Effects of statins on bone mineral density: a meta-analysis of clinical studies

Abstract

Context: Statins inhibit HMG-CoA reductase, preventing synthesis of mevalonate but also of isoprenoids, which affect osteoclast activity. Amino-bisphosphonates share this effect. In vitro and in vivo, statins show convincing anabolic and anti-resorptive bone effects. However, in a clinical meta-analysis (MA), they did not prevent hip fractures.

Objective and design: Our meta-analysis studied the impact of statins on bone mineral density (BMD) at various sites and compared the effects of lipophilic and more hydrophilic statins.

Data sources: Our PubMed and Embase queries using two keywords (statins, BMD) were updated to October 2006.

Data collection: Two readers independently collected BMDs from studies.

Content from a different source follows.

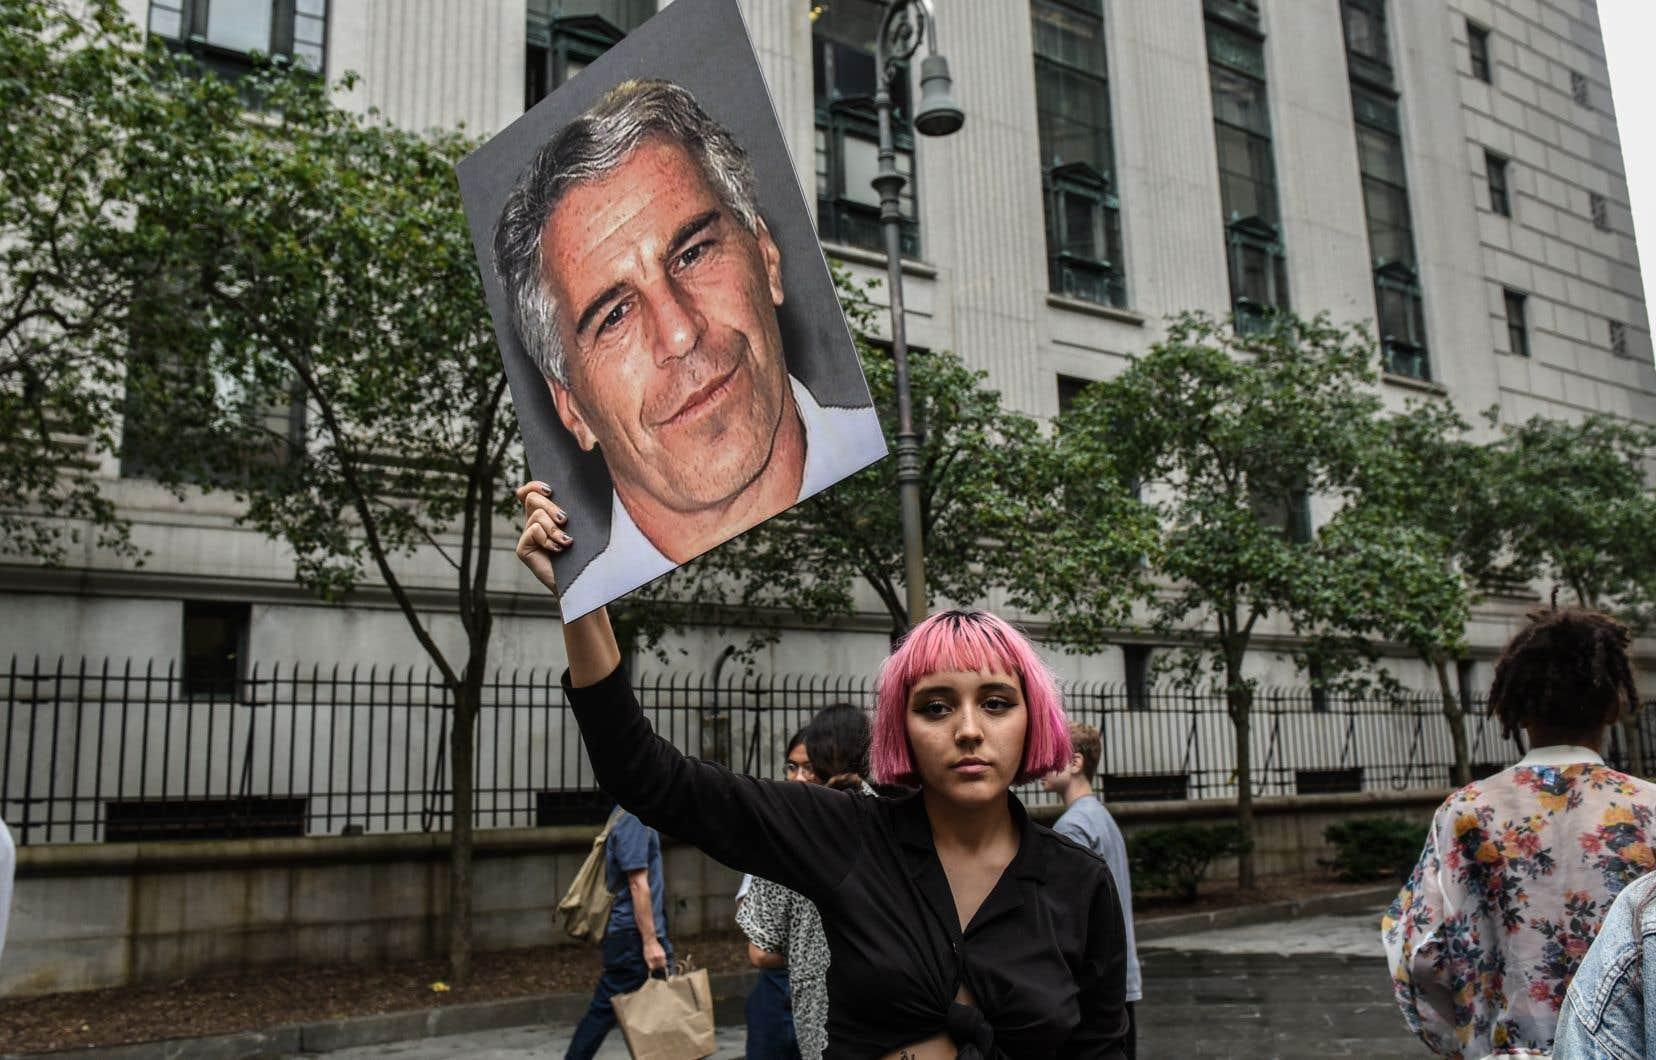 Le décès du financier, qui était en attente de son procès pour exploitation sexuelle, a suscité un torrent d'interrogations et de théories du complot.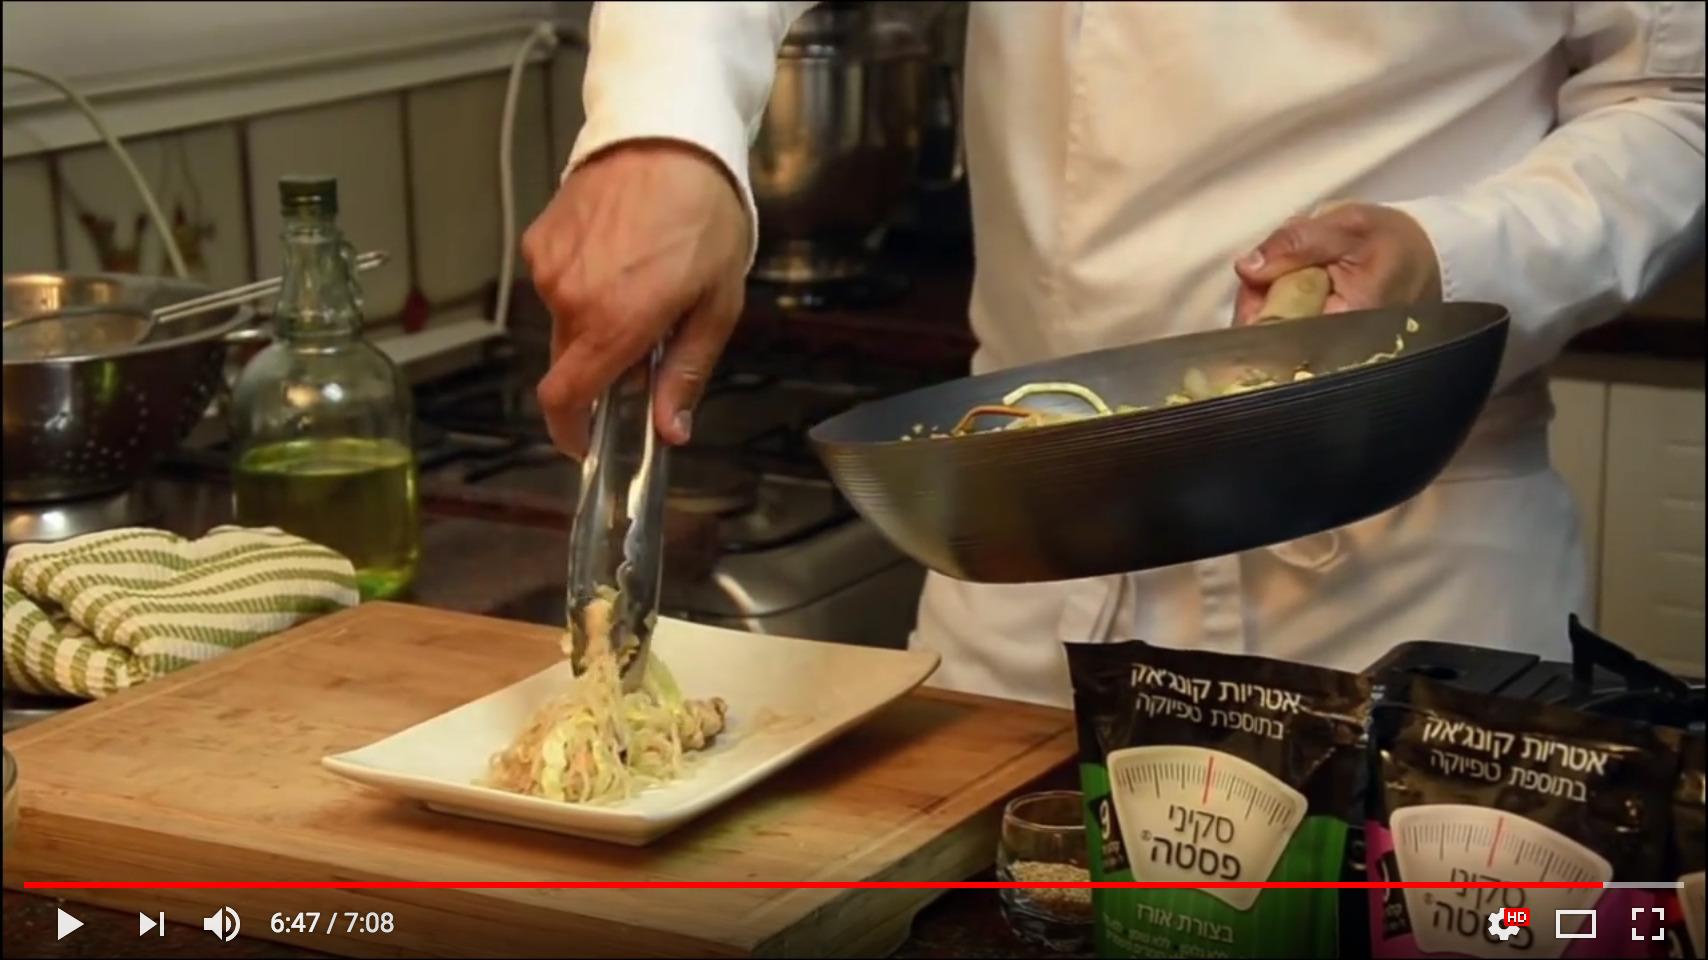 Screenshot-2018-3-7 (31) פינת הבישול של אברהמסון לחיים בריאים יותר (פרק 7) – YouTube(1)

Data synthesis: Twenty-one studies, mostly observational (three randomized controlled trials and one pseudo-randomized study), were assessed. Two studies were excluded (no control groups). Three studies could not be analyzed. The sixteen studies analyzed mainly included postmenopausal osteopenic women (2971 patients under statins). Statins significantly increased BMD at total hip (TH) and femoral neck (FN). Effect sizes (ESs) were modest: 0.21 at TH (95% confidence interval [CI]: 0.16-0.25) and 0.20 at FN (CI: 0.08-0.28). Among women, statins acted similarly (ES: 0.20 for TH and 0.18 for FN; CI: 0.14-0.25 and 0.06-0.31 respectively); lipophilic statins (simvastatin, lovastatin) almost entirely caused this effect, at both TH (ES: 0.20; CI: 0.15-0.26) and FN (ES: 0.22; CI: 0.06-0.37).

Conclusion: Our findings of modest but statistically significant beneficial effects of statins on hip BMD should promote large double-blind randomized controlled trials on their bone effects, in view of their major beneficial cardiovascular effects with excellent safety profile.